Copy to shared memory

I have ~1e7 threads that are working with the data from the same array that can itself be very large (~1e8). So I’m wondering if the following approach is sensible?

// s_xs - data sites (n elements, n ~ 1e8)

// s_ys - function values (n elements)

// g_xi - the points where the function should be interpolated (p elements, p ~ 1e7)

// g_fi - the interpolated function values (p elements)

__global__ void interpolate(float *g_xi, float *g_fi, unsigned int n, unsigned int p)


	// data sites and the function values

	__shared__ s_xs[BATCH_SIZE];

	__shared__ s_fs[BATCH_SIZE];


	for (int i = 0; i <= ceil(n / BATCH_SIZE); i++)

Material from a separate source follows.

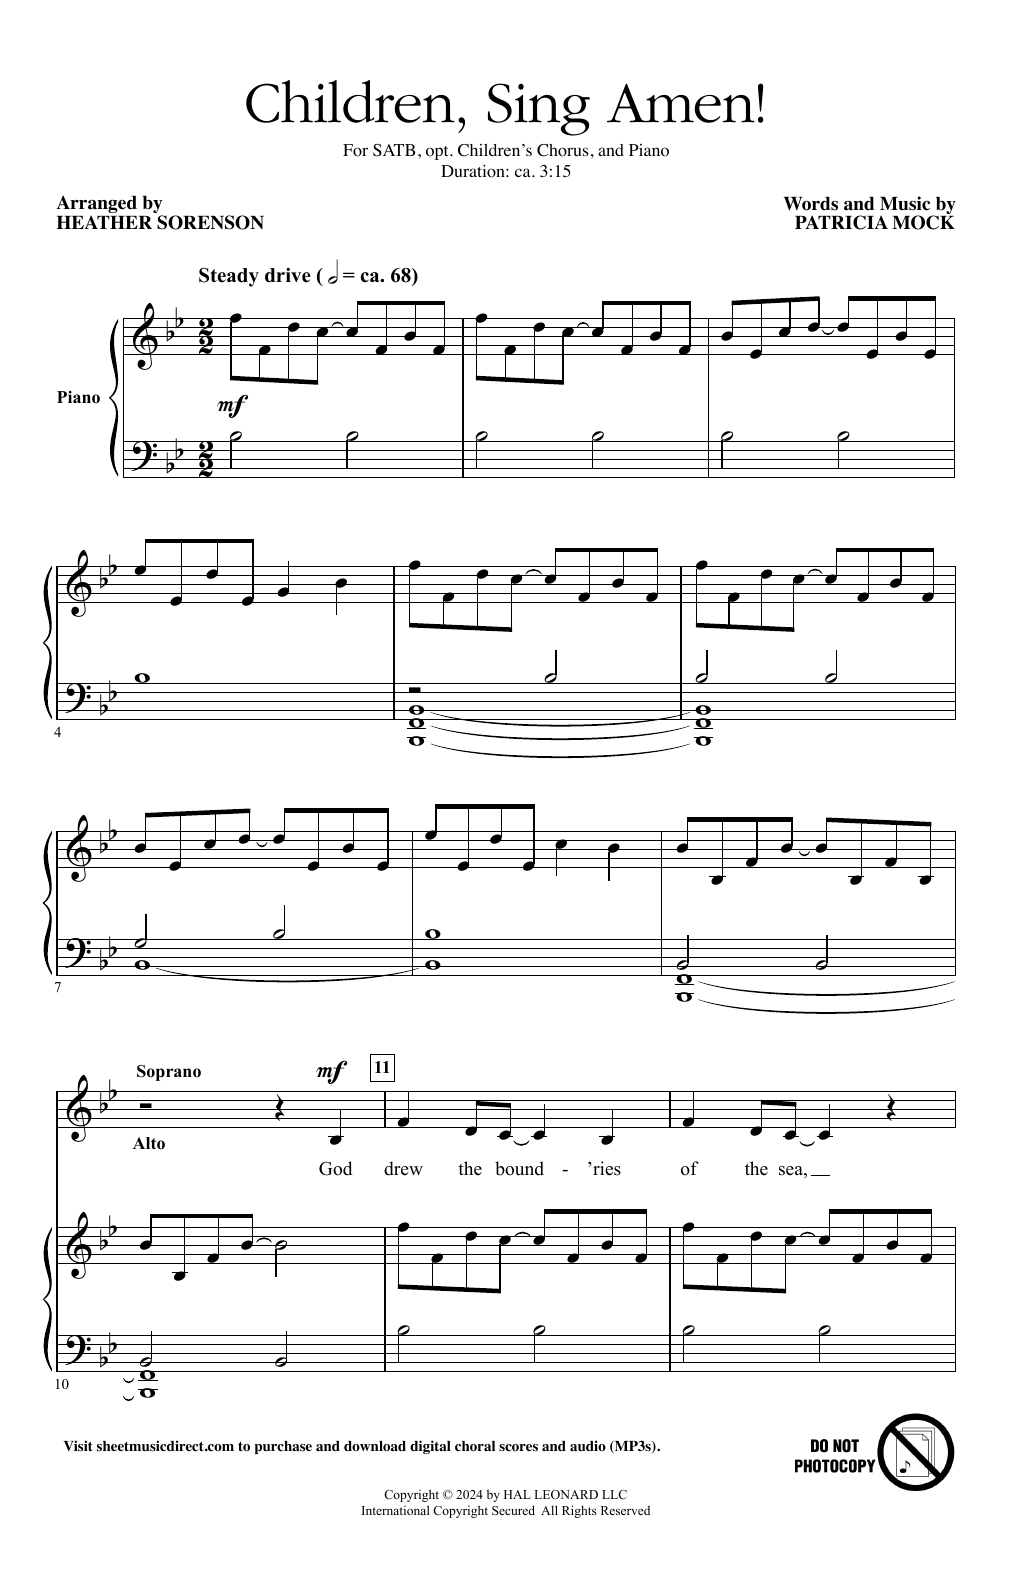 Patricia Mock Children, Sing Amen! (arr. Heather Sorenson) Sheet Music Notes & Chords for SATB Choir - Download or Print PDF
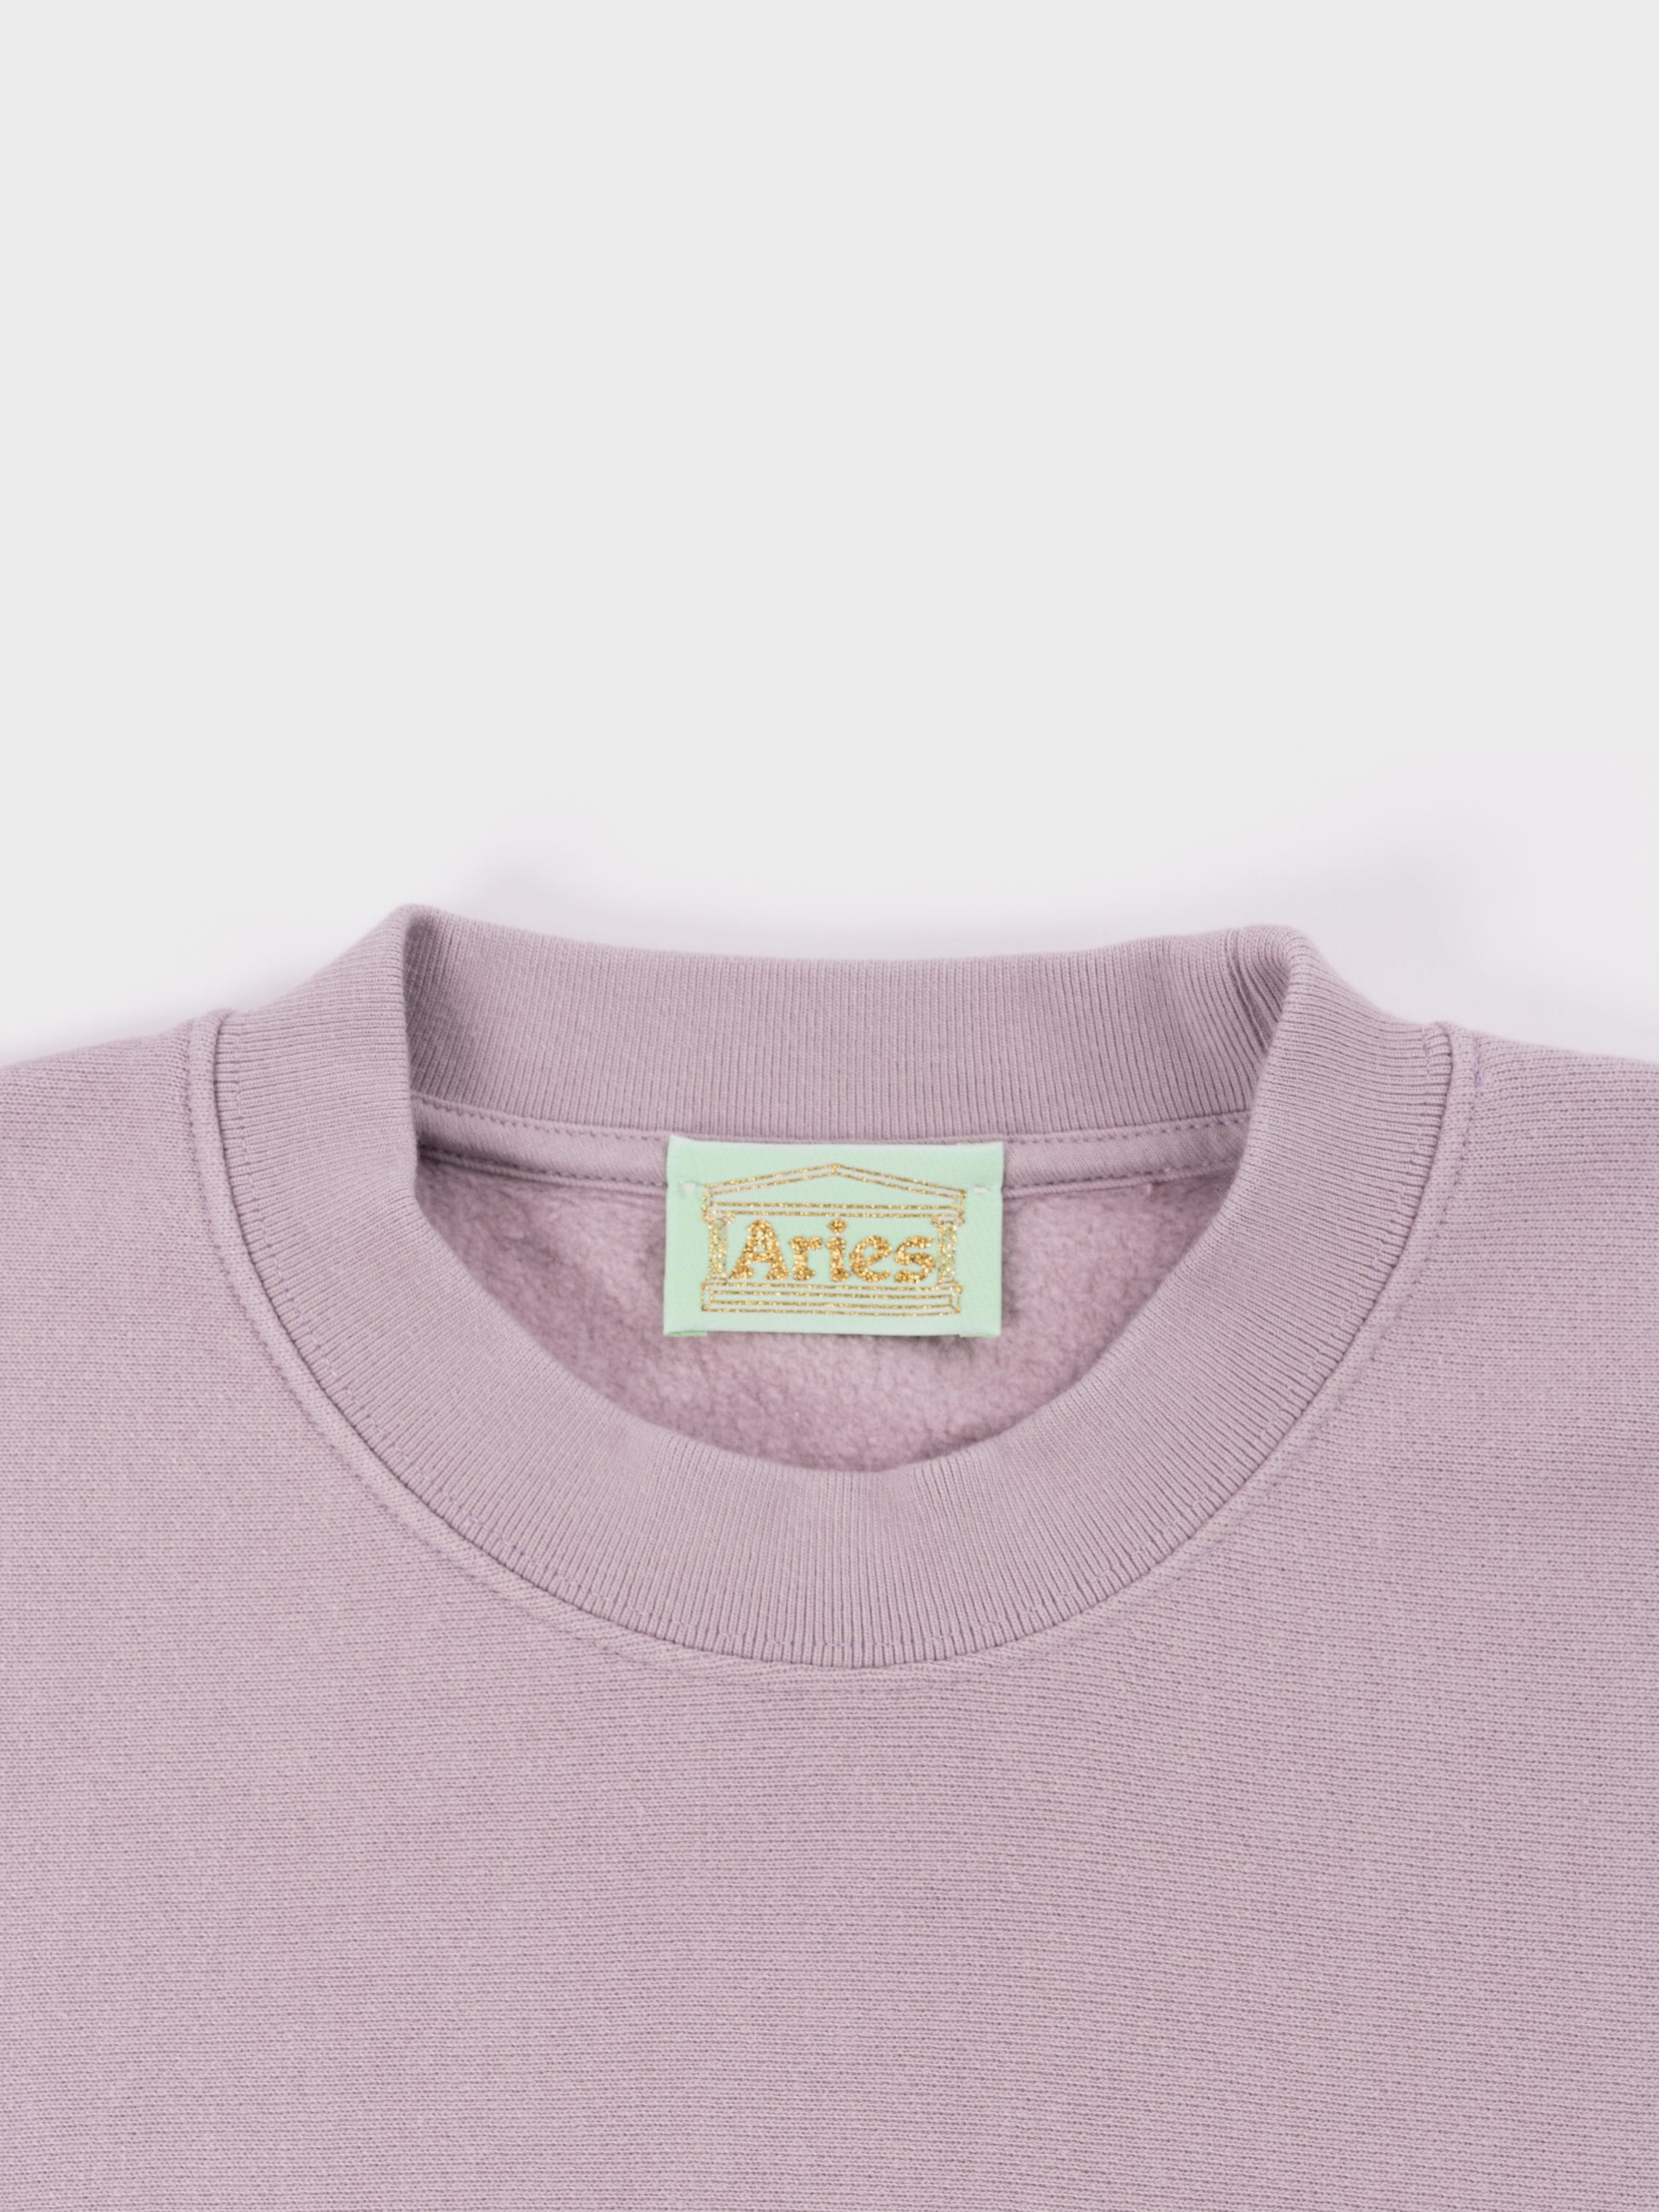 Aries Aged Premium Temple Sweatshirt - Lilac

		// copy a chunk from the global memory into shared memory


		// start collecting partial sums





	// write the result to global memory


Thank you!

From the comments that you have given what I understood, you are expecting s_xs and s_ys (shared memory) to be of size n.
But, in your CUDA kernel you have given:
shared s_xs[BATCH_SIZE];
shared s_fs[BATCH_SIZE];
There are some mismatches… right???
shared s_xs[BATCH_SIZE]; is not allocating the memory for a thread. It will allocate the shared memory for a block. For copying the values from global memory to shared memory, you have to distribute the task among the threads.

Also, if you need a shared memory with size ‘n’ (in your case 1e8) for each block, it will be beyond the shared memory limit of the GPUs (16KB per multiprocessor – i.e per block).

Depending on how your points are distributed you might be better off using a texture (and thus the texture cache) instead of shared memory.